What is holding you back from this uninhibited question-asking, this posture of curiosity?

Lord God, I trust you. I always want to know more about how I can reflect you well. Instill in me a deep desire for wonder—for awe and curiosity about who you are and what you’re doing and desire to do in this world. AMEN.

Spirit of Unity

Friday, May 7
Acts 10:44-48


I believe our God created each of us unique to better reflect God’s own self. I alone am created in God’s image, but I better reflect God when I stand alongside people who have different experiences from my own, friends who offer important diverse perspectives. When the Holy Spirit comes upon the Gentiles in this passage, they weren’t transformed into something that was uniform. Peter says, “Surely no one can stand in the way….They have received the Holy Spirit just as we have” (v. 47, NIV). Standing alongside differing voices, opinions, and perspectives can be hard. Amplifying other voices is challenging. I see Peter doing this in this passage, and I’m personally challenged. Are you creating space for people who are different from you to share? Who might you be standing in the way of?

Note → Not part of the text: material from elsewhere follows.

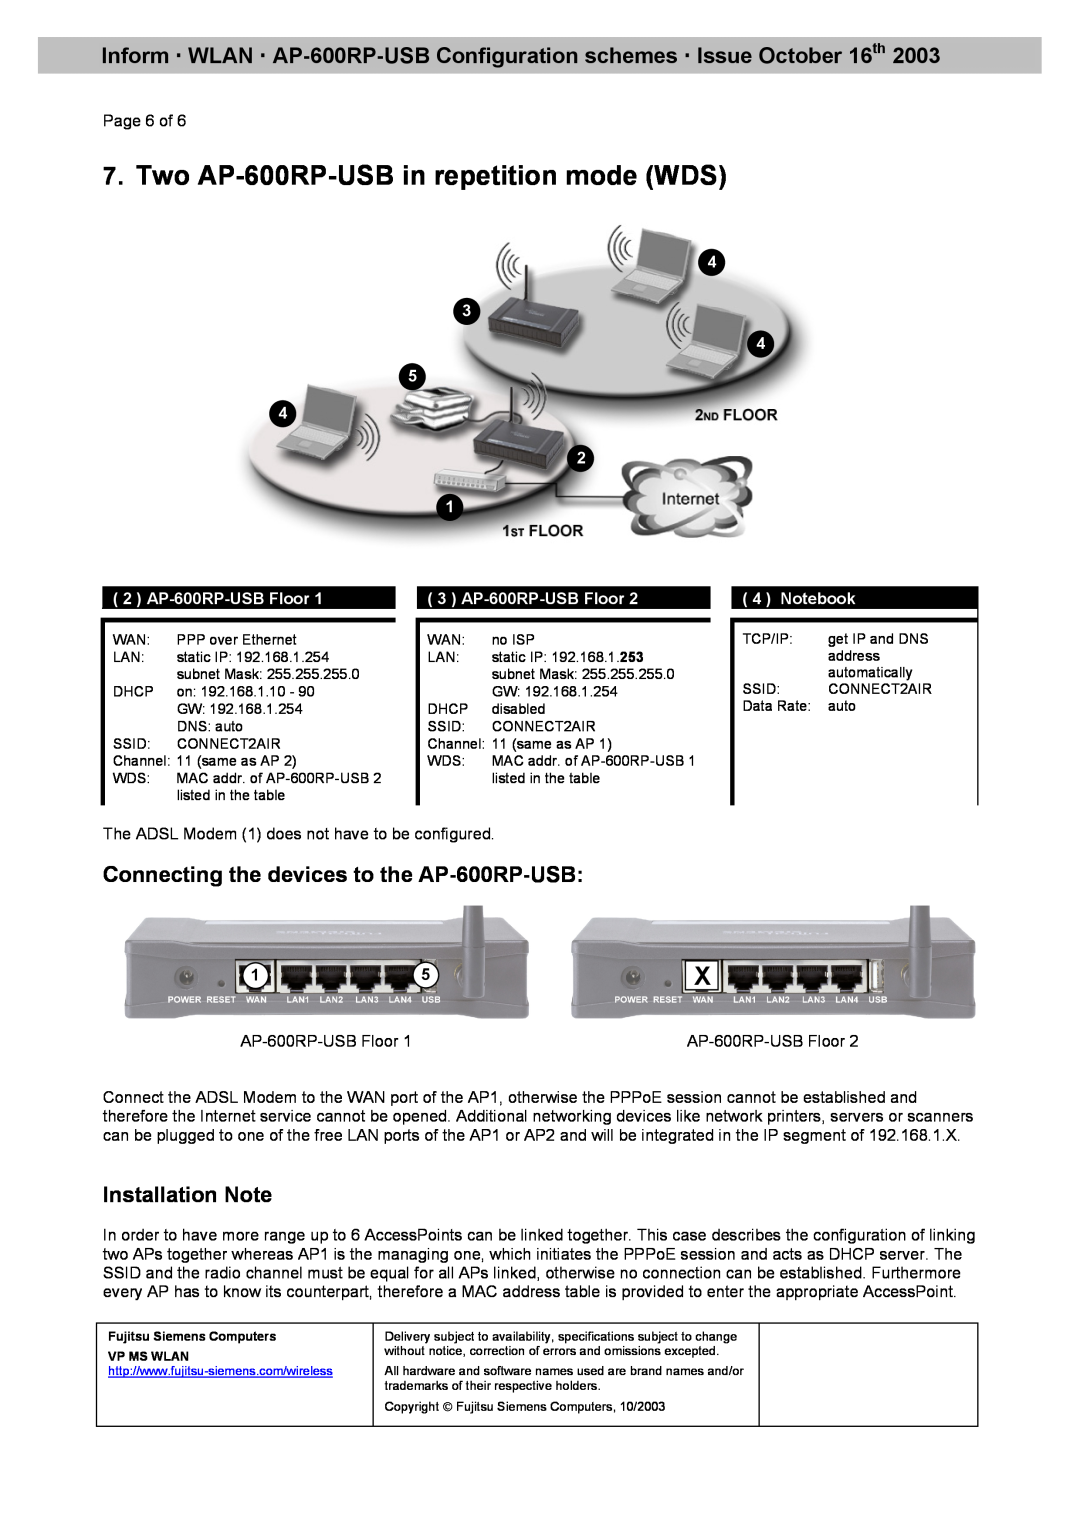 Fujitsu manual Two AP-600RP-USB in repetition mode WDS, 2 AP-600RP-USB Floor, 3 AP-600RP-USB Floor, Notebook

Give me your heart, God, that I might soften to perspectives that are different from my own. Help me stand alongside men, women, elderly, children of every race and ethnicity—so that all together we might reflect your own self. AMEN.

Love One Another

Saturday, May 8
1 John 5:1-8


This Johannine letter tells us in verse 3: “In fact, this is love for God: to keep his commands” (NIV). We began our week together with the vine and branches image in John 15. In that same story, Jesus tells us, “This is my command: Love each other” (John 15:17, NIV). We are empowered because Jesus took on flesh to show us God’s deep, deep love. In the past year in the midst of the pandemic and racial justice movements, I’ve gotten a taste of the deep, deep love Christ commands us to. Love for God is love for my neighbor, and I desire to demonstrate both as Christ shows. We are empowered with God’s own Spirit, so let us reflect “the one who came by water and blood—Jesus Christ” (v. 6, NIV) with authentic love.

Thank you for taking on flesh, Jesus, and for showing us the fullness of God’s Spirit and God’s deep love. Give me courage to love deeply and grace when I mess it up. AMEN.

About the Author: Natalie Swanson

I serve as the year-round program director at Covenant Pines Bible Camp in McGregor, Minnesota. I’m passionate about crafting retreat spaces where campers and guests of all ages and backgrounds come to play, have fun outside, and listen for Christ’s voice. When I’m not working, I love exploring Minnesota state parks with my dog, Leia, and finding spaces for retreat for myself. I can often be found with a cup of coffee in conversation or hanging out at the beach on a warm summer day listening to the laughter and joy of camp.